Using Data Types in Excel
Content
Introduction
If you have an Microsoft 365 subscription perhaps you have noted the
Data Types group in the Data ribbon:

Let's see how you might use this feature.
Who has access
to Data types, internationalization
Apart from needing a Microsoft 365 license, there are some more things
to consider with Data types:
Stocks and Geography behavior today:
- The data sources are currently English only.
- The data is derived from the Editing language.
- If English is included in the Editing Language list, you will get
Data Types in the gallery. Even if another language is set as preferred.
- The property names (like "Population") and text data will all be
in English. The property names are NOT like function names and do not
change when you change your settings.
- The display Language does not impact the data types data, it only
impacts the tooltips/Ribbon button text etc. Because we use a cached
service connection layer, unfortunately you must restart Excel twice
to see the Data Types Ribbon buttons change language. We support the
UI localization in all supported office languages.
Stocks and Geography behavior with additional Languages
- If you have a 'supported language' set as your default/preferred
proofing/editing language we will use data for data types from that
language.
- If you have a default editing language that is currently unsupported
(e.g. Dutch, Russian sorry) but have a supported language installed
in your editing list, the data for data types will be in the supported
language. If you have multiple supported languages with none set as
preferred in the list, we fallback in a set order. English, Spanish,
French, German, Italian, Portuguese.
- If you change your preferred editing language (or remove a fallback
language), any data types that you have created using English data will
remain in English (even on refresh).
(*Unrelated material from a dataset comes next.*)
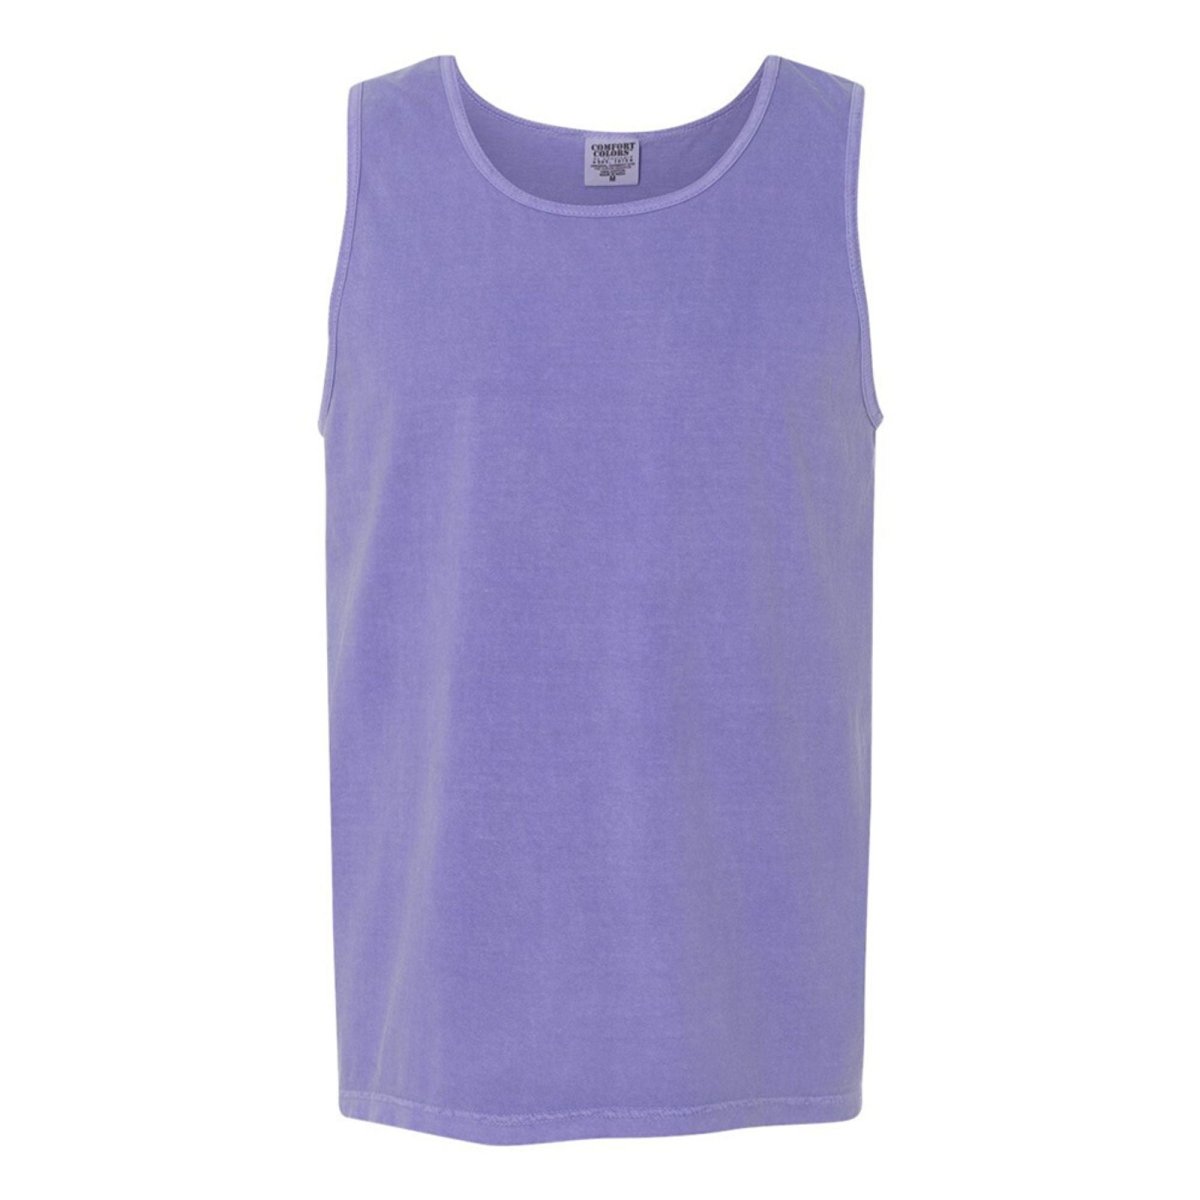 'The Cool Moms Club' PUFF Tank Top - United Monograms
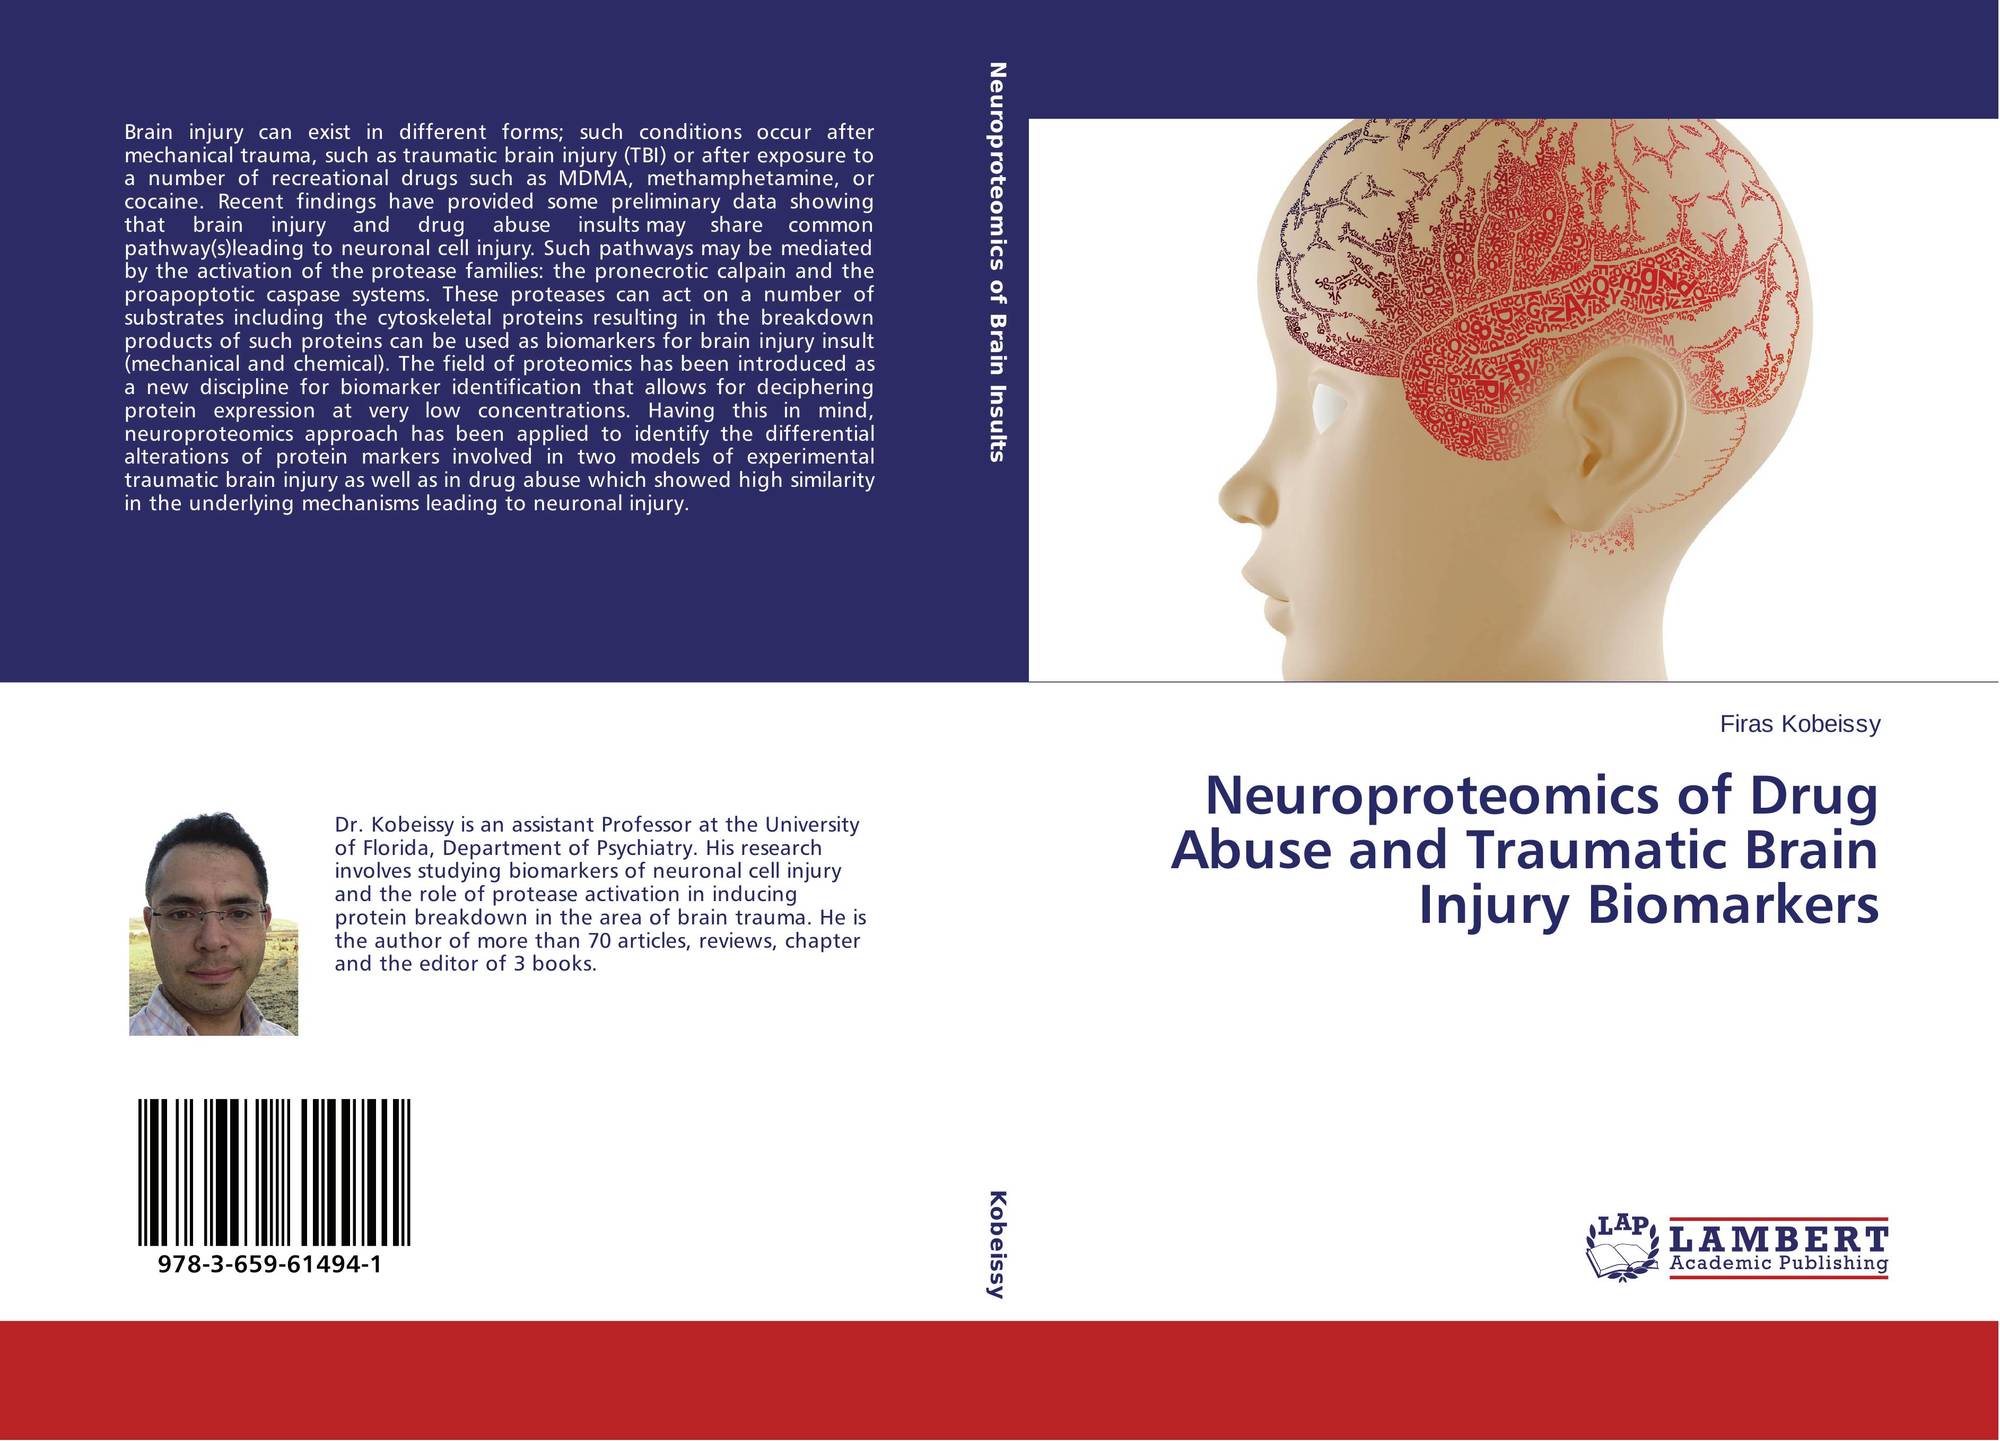 Aquired Brain injury. Best book on Neuropharmacology. Vol. 3 no. 2 (2024): research Journal of Trauma and Disability studies. The photo for presentation about Neuropharmacology.

After restarting Excel (twice ),
any new data types you create will remain in the language set when they
were created. Refresh will not break your formulas that are already
written.
- When your preferred language does not match what the data from data
types will be, we will include a hint in the ribbon buttons/tooltip
to show what language is being used.
Some Notes: The data provider controls what properties and values are
available in additional languages, the data may not be the same across English
data types and another language. The 'conversion' is supposed to respect
the language targeted, so using native spellings of the locations to the
language should work. You can see from this screenshot we are quite
production ready (like Population isn't translated). But this is French
data Data Type.
Setting a data type to
a series of cells
Data types work best when your data is in a table (but it isn't mandatory).
Suppose you have a small table with country names like shown here:

Click the Insert, Table button:

Remember to set the name of the table:

Now select the first column of the table and click the Geography button:

It takes a bit of time and then Excel adds a small icon in front of each
cell:

If you click on any of the icon's denoted with '1', you're presented
with a card displaying detailed information about that cell:

Excel makes it easy to add columns containing pieces of information from
a cell which contains a data type. Just click the little add column icon:

Select Abbreviation and press enter and you get:

This reveals the underlying new syntax. To get a property from a cell
with a data type, just type the address of that cell (or click the cell)
and hit the period key to get a drop-down with the appropriate properties:

What's in those cells?
You may have the impression that not much has changed by converting a
cell to a data type cell. All that appears to have been added is that small
icon. But you should be aware that all data you are able to view by clicking
that icon is in fact already stored in that same cell. With data types,
Excel cells can now contain far more than just one value, they can contain
an entire object with all of its properties.
This also means that the dot syntax to extract properties from the data
typed cell really does that: It fetches the property information from the
content of the cell. In other words, this formula:
=A2.Capital
actually gets the Capital from the country that is shown in cell A2 from
that cell. The information about the capital of the country shown in A2,
is also in cell A2.
If you display the card of a country like I showed above and scroll down
to the bottom of the card you can see what sources were used to fill the
card:

Because Excel now includes a connection to the outside world, you'll
get the "business bar" with a security warning when you open the file:

Click Enable Content to make sure Excel can fetch the most up-to-data
content for you.
Which cells can be
converted to a Data Type?
Only cells with a hard-coded value can be converted to a data type. If
a cell contains a formula, you get:

When is my content refreshed?
In short: When you ask Excel to do so. There are two ways:
- Right-click on a cell containing a data type, click Data Type, Refresh:

- Click the Refresh All button on the Data tab of the ribbon
What if Excel get's it wrong?
Any of the cells you are trying to convert to a data type may contain
ambiguous information. For instance, if you typed 'America' into a cell
and try to convert that to a Geography data type, Excel displays a question
mark icon next to that cell:

Clicking the question mark icon opens the Data Selector pane:

Click "Select" below the one you want the data type cell to use. Note
that Excel will update the cell with the descriptive text of the item you
clicked.
If you change your mind, right-click the same cell, choose Data Type >,
Change and you'll be presented with the Data Selector again.